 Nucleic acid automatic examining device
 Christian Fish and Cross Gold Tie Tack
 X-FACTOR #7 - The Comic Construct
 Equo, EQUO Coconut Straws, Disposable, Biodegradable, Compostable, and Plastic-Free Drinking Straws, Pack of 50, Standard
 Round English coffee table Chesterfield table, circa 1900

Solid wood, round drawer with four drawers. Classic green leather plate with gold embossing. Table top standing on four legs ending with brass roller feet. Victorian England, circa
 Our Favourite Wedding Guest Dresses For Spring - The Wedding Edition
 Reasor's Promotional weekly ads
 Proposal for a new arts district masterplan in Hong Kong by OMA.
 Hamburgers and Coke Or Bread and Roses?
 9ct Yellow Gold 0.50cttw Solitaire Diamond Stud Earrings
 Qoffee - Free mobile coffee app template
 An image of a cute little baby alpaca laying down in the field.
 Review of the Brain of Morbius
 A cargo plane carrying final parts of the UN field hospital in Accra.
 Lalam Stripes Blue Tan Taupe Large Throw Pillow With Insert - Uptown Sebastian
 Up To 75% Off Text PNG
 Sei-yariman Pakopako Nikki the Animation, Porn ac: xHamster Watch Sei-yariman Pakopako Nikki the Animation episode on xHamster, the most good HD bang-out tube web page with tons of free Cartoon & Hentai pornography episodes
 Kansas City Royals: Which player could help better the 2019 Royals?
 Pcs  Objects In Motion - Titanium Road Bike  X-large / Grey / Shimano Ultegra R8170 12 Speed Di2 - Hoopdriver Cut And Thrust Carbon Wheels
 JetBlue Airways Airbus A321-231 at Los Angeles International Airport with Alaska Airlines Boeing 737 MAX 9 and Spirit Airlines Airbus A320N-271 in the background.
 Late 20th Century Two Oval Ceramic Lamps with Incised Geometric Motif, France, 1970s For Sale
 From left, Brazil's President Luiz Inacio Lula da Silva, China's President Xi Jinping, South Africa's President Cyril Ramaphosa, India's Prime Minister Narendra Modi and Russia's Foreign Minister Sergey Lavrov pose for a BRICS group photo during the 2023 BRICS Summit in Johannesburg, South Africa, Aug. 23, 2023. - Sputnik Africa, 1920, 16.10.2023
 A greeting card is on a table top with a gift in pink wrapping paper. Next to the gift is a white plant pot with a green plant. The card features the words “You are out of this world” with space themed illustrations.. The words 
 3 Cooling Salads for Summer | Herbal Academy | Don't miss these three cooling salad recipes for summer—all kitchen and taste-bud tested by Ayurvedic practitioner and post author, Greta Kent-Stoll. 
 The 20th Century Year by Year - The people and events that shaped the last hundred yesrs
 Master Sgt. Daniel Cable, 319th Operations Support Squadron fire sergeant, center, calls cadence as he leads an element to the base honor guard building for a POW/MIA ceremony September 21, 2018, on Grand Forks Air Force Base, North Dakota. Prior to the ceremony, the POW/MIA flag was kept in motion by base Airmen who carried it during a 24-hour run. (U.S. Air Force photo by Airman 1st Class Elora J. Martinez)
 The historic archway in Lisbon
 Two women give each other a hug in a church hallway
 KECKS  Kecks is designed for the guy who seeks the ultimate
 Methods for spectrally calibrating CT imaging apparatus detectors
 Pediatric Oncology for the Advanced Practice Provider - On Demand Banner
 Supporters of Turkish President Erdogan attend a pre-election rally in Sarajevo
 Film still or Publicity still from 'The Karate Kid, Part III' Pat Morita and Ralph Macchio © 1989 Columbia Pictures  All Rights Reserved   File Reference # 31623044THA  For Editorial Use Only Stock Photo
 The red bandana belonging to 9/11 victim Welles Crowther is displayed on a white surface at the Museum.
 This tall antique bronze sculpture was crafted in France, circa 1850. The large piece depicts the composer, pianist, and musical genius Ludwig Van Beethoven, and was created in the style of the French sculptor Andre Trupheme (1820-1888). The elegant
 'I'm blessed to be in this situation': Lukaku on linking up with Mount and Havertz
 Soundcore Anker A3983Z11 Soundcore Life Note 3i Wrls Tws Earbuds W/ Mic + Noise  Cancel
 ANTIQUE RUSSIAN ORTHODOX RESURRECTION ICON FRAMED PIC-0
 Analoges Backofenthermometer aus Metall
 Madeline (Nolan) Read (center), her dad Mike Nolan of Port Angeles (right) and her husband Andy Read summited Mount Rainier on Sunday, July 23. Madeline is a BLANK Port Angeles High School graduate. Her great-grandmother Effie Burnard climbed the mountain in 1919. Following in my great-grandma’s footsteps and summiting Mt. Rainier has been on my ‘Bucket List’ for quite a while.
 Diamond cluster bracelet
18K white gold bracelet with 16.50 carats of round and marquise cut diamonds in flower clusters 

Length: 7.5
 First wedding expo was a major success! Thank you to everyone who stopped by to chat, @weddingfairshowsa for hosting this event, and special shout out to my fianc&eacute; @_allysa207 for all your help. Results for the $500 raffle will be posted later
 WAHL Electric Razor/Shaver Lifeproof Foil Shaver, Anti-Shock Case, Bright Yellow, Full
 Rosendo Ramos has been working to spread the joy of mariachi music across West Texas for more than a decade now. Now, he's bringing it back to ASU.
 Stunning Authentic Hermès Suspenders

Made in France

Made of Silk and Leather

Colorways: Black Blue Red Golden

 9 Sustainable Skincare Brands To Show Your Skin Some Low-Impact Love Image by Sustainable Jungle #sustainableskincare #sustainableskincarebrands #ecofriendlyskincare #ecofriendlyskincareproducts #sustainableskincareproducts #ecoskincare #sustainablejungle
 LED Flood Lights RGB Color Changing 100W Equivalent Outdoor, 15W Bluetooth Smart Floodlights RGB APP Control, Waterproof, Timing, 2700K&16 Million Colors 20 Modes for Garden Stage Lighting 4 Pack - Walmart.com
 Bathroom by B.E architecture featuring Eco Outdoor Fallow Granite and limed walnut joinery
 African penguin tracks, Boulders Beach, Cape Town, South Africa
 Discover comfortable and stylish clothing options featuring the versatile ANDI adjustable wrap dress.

#####

Your task:
Beginning at the opening line of the data, transcribe each line exactly until you reach the line with "Proposal for a", which you also include, and go no further.

Task answer:
 Nucleic acid automatic examining device
 Christian Fish and Cross Gold Tie Tack
 X-FACTOR #7 - The Comic Construct
 Equo, EQUO Coconut Straws, Disposable, Biodegradable, Compostable, and Plastic-Free Drinking Straws, Pack of 50, Standard
 Round English coffee table Chesterfield table, circa 1900

Solid wood, round drawer with four drawers. Classic green leather plate with gold embossing. Table top standing on four legs ending with brass roller feet. Victorian England, circa
 Our Favourite Wedding Guest Dresses For Spring - The Wedding Edition
 Reasor's Promotional weekly ads
 Proposal for a new arts district masterplan in Hong Kong by OMA.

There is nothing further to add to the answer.